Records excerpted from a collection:
BEGIN

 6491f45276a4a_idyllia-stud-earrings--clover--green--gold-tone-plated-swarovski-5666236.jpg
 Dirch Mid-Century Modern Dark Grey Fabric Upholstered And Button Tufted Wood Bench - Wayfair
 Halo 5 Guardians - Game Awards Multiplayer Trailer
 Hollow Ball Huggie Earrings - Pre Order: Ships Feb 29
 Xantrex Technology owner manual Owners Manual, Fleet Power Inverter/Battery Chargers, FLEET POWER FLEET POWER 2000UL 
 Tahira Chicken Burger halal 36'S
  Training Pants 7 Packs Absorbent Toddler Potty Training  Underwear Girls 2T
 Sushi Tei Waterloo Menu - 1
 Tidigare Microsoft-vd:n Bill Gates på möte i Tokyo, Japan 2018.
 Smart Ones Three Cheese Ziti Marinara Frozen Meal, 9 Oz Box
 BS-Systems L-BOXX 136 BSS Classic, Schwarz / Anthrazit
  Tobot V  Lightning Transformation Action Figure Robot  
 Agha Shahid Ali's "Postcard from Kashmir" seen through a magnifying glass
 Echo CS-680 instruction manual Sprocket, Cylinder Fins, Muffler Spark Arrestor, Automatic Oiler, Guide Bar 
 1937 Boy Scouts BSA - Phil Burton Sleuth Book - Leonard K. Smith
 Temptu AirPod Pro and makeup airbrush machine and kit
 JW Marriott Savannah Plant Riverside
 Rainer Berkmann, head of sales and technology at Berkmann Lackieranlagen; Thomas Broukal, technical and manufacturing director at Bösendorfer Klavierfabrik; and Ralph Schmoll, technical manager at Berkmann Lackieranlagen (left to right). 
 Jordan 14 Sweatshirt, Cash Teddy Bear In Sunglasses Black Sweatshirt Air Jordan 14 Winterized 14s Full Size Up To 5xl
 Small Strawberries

END

Your instructions. Pick out and copy the lines of the entries that hold the string "manual".

Answer section.
 Xantrex Technology owner manual Owners Manual, Fleet Power Inverter/Battery Chargers, FLEET POWER FLEET POWER 2000UL 
 Echo CS-680 instruction manual Sprocket, Cylinder Fins, Muffler Spark Arrestor, Automatic Oiler, Guide Bar 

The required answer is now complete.